From this circumstance it was called Tubber
Derg, or the Red Well. In the meadow where the glen terminated, was
another spring of delicious crystal; and clearly do I remember the
ever-beaten pathway that led to it through the grass, and up the green
field which rose in a gentle slope to the happy-looking house of Owen
M'Carthy, for so was the man called who resided under its peaceful roof.

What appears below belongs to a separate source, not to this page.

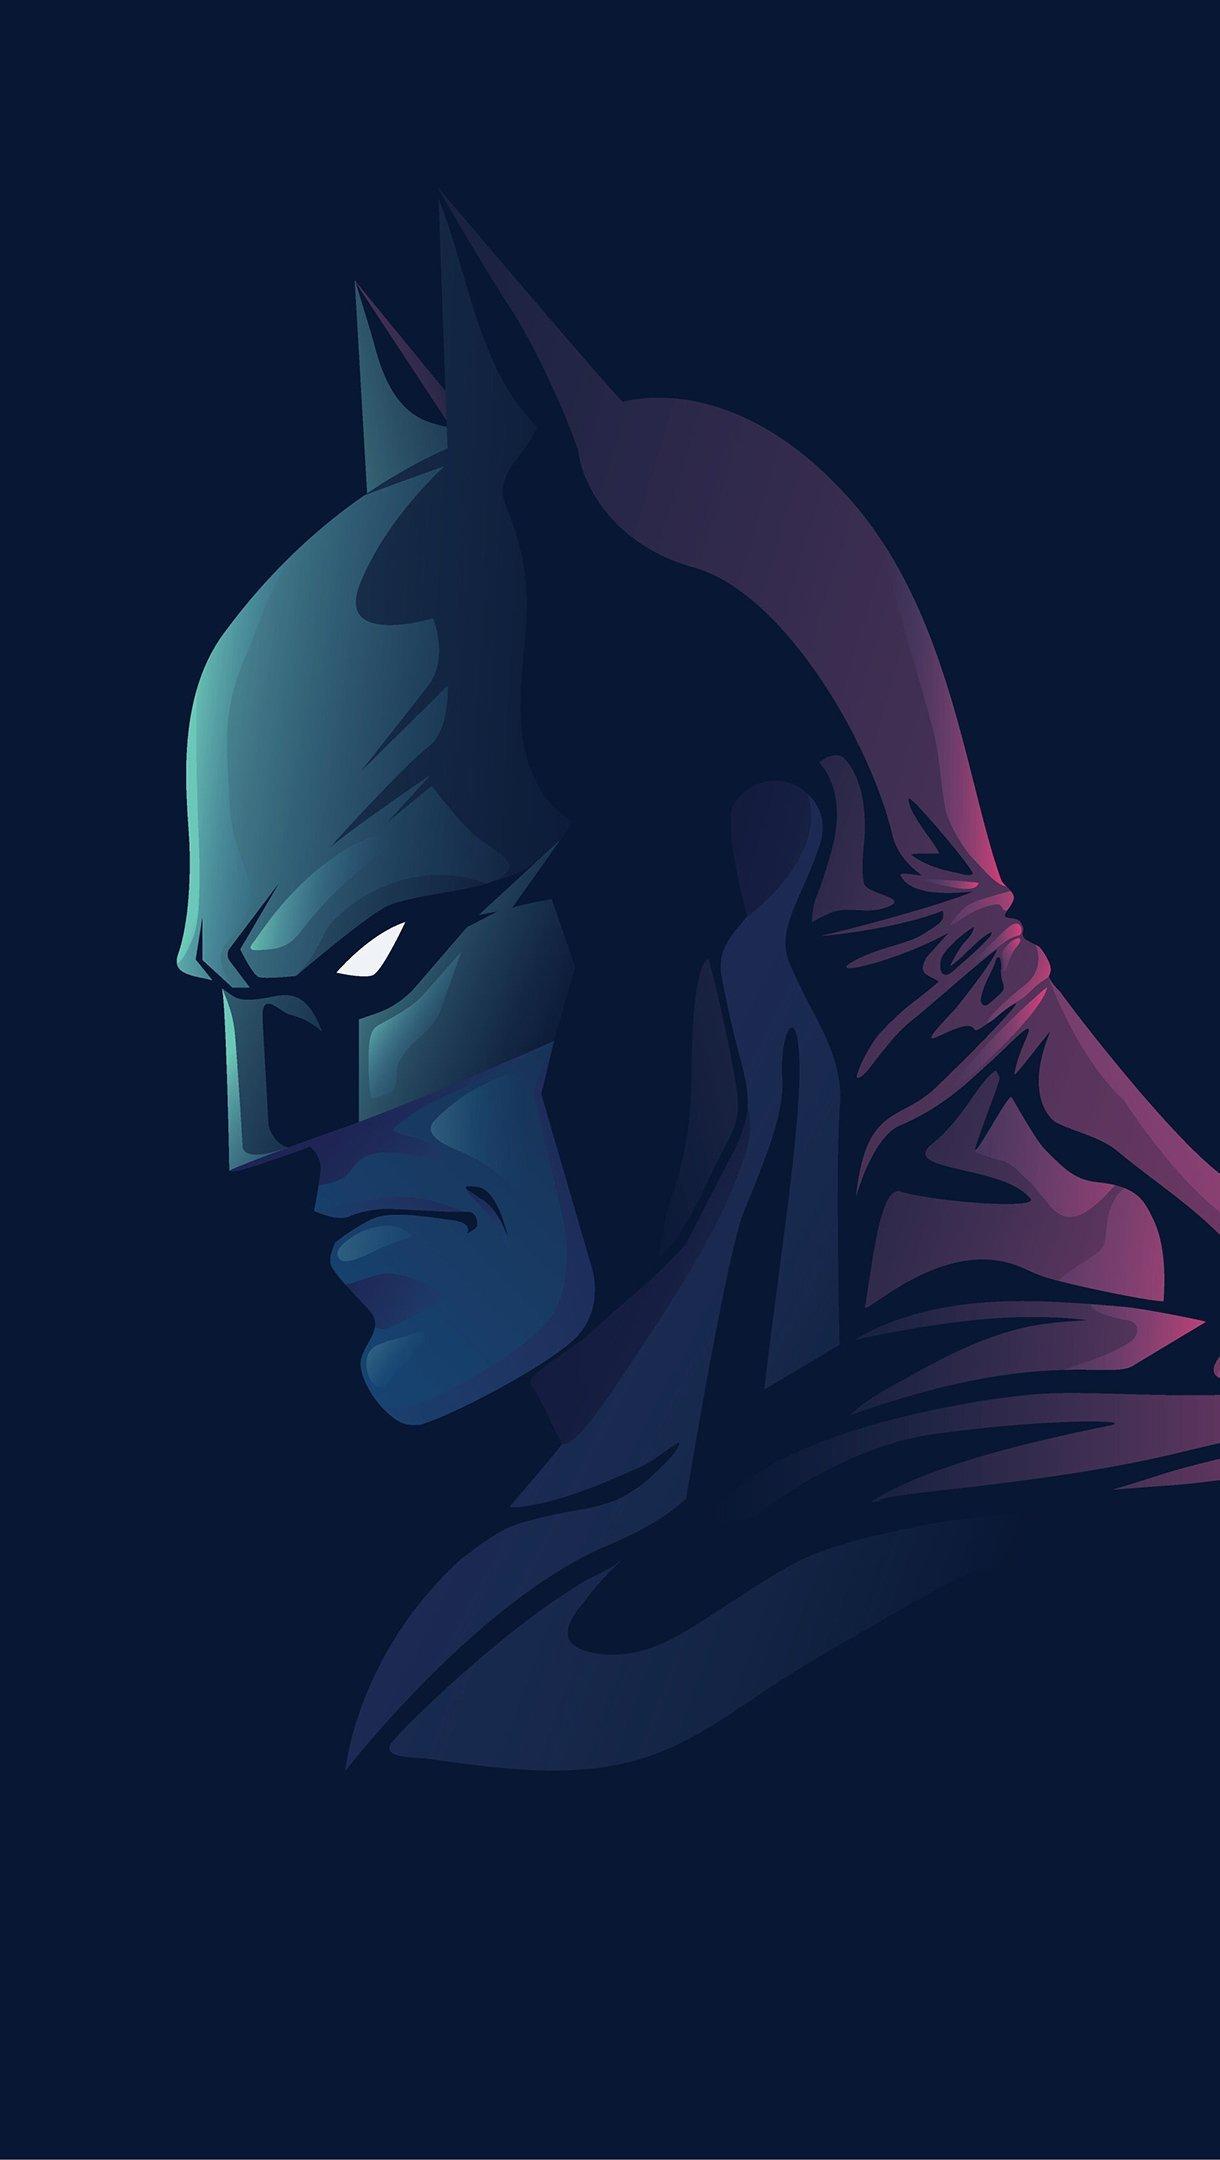 Wallpaper Batman Minimalist Vertical

I will not crave your pardon, gentle reader, for dwelling at such length
upon a scene so clear to my heart as this, because I write not now so
much for your gratification as my own. Many an eve of gentle May have
I pulled the Maygowans which grew about that well, and over that smooth
meadow.
Often have I raised my voice to its shrillest pitch, that I might hear
its echoes rebounding in the bottom of the green and still glen, where
silence, so to speak, was deepened by the continuous murmur of the
cascade above; and when the cuckoo uttered her first note from among the
hawthorns on its side, with what trembling anxiety did I, an urchin of
some eight or nine years, look under my right foot for the white hair,
whose charm was such, that by keeping it about me the first female name
I should hear was destined, I believed in my soul, to be that of my
future wife.* Sweet was the song of the thrush, and mellow the whistle
of the blackbird, as they rose in the stillness of evening over the
"hirken shaws" and green dells of this secluded spot of rural beauty.